On dit souvent que la parole est d’argent et que le silence est d’or, une vérité pas toujours vraie surtout quand, à côté se jouent des sommes colossales. Le festival de Cannes 2012 vit ses dernières heures, le strass et les paillettes vont bientôt plier bagages et la vie habituelle va reprendre son doux cheminement. Les grosses affiches se présentent progressivement et les "stars" mondiales foulent le tapis rouge.

La joie et la bonne humeur vont de paire avec le business et le marché du cinéma, les distributeurs sont là pour dénicher la perle rare, la pellicule qui pourrait leur faire gagner des millions d’euros. Une intruse a semé les vents de la polémique, une information comme quoi certains journalistes devaient débourser des milliers d’euros pour pouvoir faire leur métier d’intervieweur. Une société canadienne de distribution, assurant la venue des acteurs à Cannes, a senti le bon filon pour augmenter ses revenus durant le festival.

Alliance, pour la nommer, a établi une grille de tarifs fluctuant selon les médias et le type d’entrevue. Pour 1500 euros, les journalistes peuvent avoir 4 interviews télévisuelles en tête à tête, pour 750 euros, une interview écrite en groupe, on partage les frais, c’est mieux et pour 1000 euros, une interview écrite en tête à tête. Une première pour ce festival, on espère également une dernière. Ces prix abusifs sont justifiés, par le groupe Alliance, par le fait qu’organiser ce genre de déplacement engendre d’énormes frais.

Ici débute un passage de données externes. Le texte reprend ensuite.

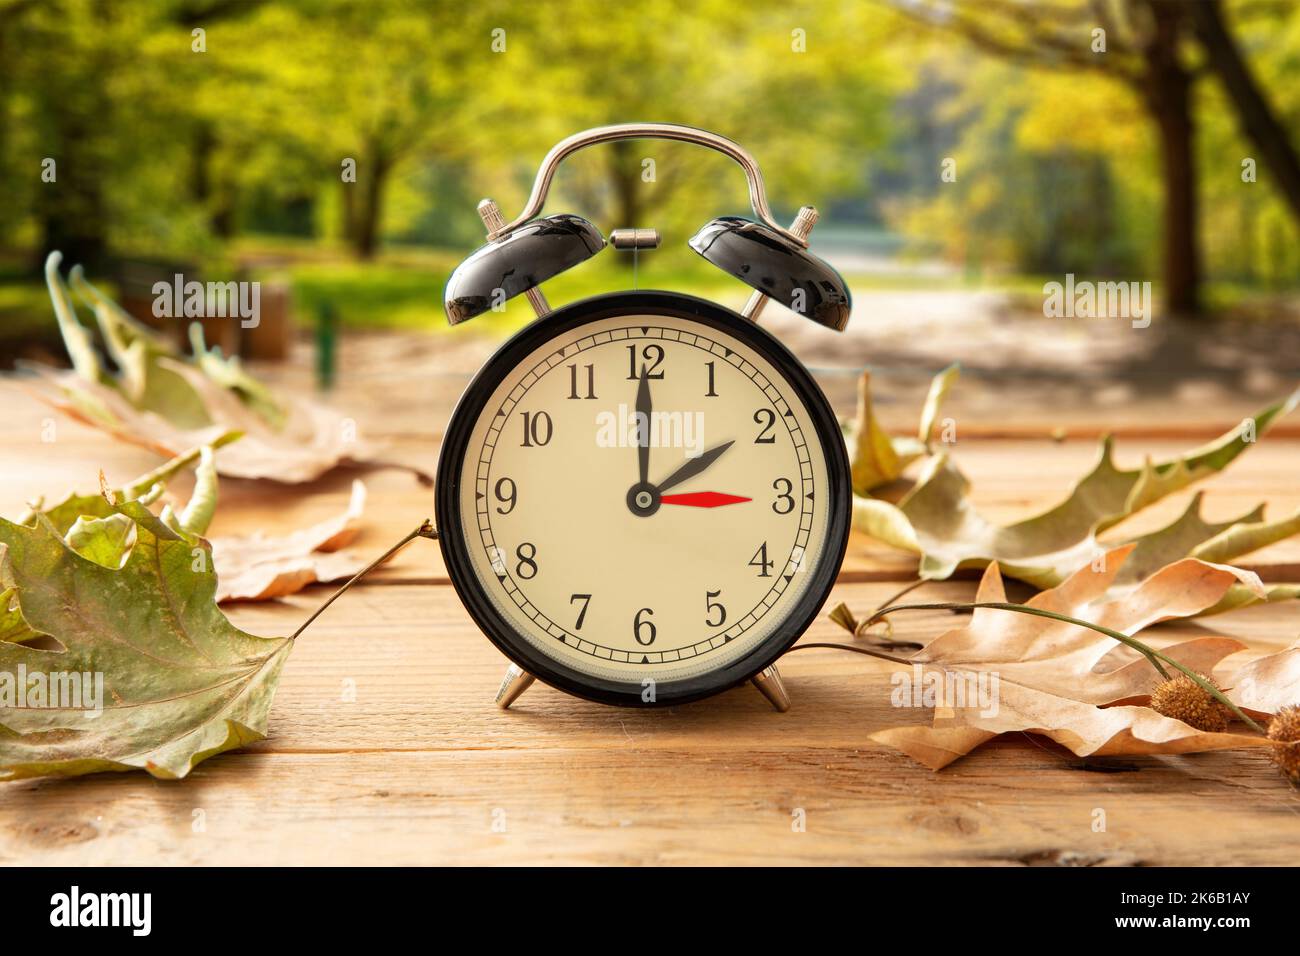 Sommerzeit, Fall eine Stunde zurück. Schwarzer Wecker mit Zeitwechsel auf Holztisch. Herbstbäume und Blätter Hintergrund Stockfoto

Il faut payer l’avion, les stars ne voyagent pas en charter, les réservations d’hôtel, les soins quotidiens, les maquilleurs, les traiteurs, les sorties en discothèques, les déplacements locaux dans des voitures de luxe, le café, etc. Des balivernes, le café est gratuit pour le gotha du cinéma, par contre, pour le quidam, il coûte plus de 2€ ! De plus, les stars sont souvent invités aux soirées privées où ils reçoivent des packs remplis de cadeaux.

En guise de protestation, les journalistes canadiens, également ceux soumis à ces mêmes règles, ont boycotté les séances d’interview. Un geste courageux mais utile, car jouer à ce jeu, c’est favoriser la mercantilisation du journalisme, permettre aux journaux riches de survivre et aux moins fortunés de mourir.

 

L’acteur par qui ce scandale est arrivé est Brad Pitt. Il est arrivé sur la Croisette de façon messianique, les cheveux longs, la barbe de 3 jours, il ne manquait plus que l’aube blanche et son bâton de berger plutôt que le smoking grande classe et le Iphone à la main. Il est venu présenter le film d’ Andrew Dominik, en compétition,Killing them softly, dans lequel il incarne un tueur à gage sans scrupule. Des gages, il en était question quand les journalistes voulaient recueillir des bribes d’informations sur les sentiments de l’équipe du film et de la vedette concernant leur séjour cannois. 2500 euros, les 20 minutes, ça fait cher l’heure !

Je dois avouer, en tant qu’amateur de cinéma et portant un grande admiration à Brad Pitt, j’ai été déçu. Il incarnait jusque là, la célébrité engagée pour les causes humanitaires, adoptant des enfants pauvres avec sa femme Angelina Jolie, grande absente des festivités, un comédien de talent sachant mettre sa popularité à contribution, fortuné mais jamais trop bling-bling. Dans ma grande déception, quelque peu naïve, je l’avoue, j’ai été soulagé de voir qu’il avait suspendu toutes ses interviews afin d’éviter que les journalistes aient à débourser de l’argent pour cela. Grande classe malgré tout, tout comme son costume.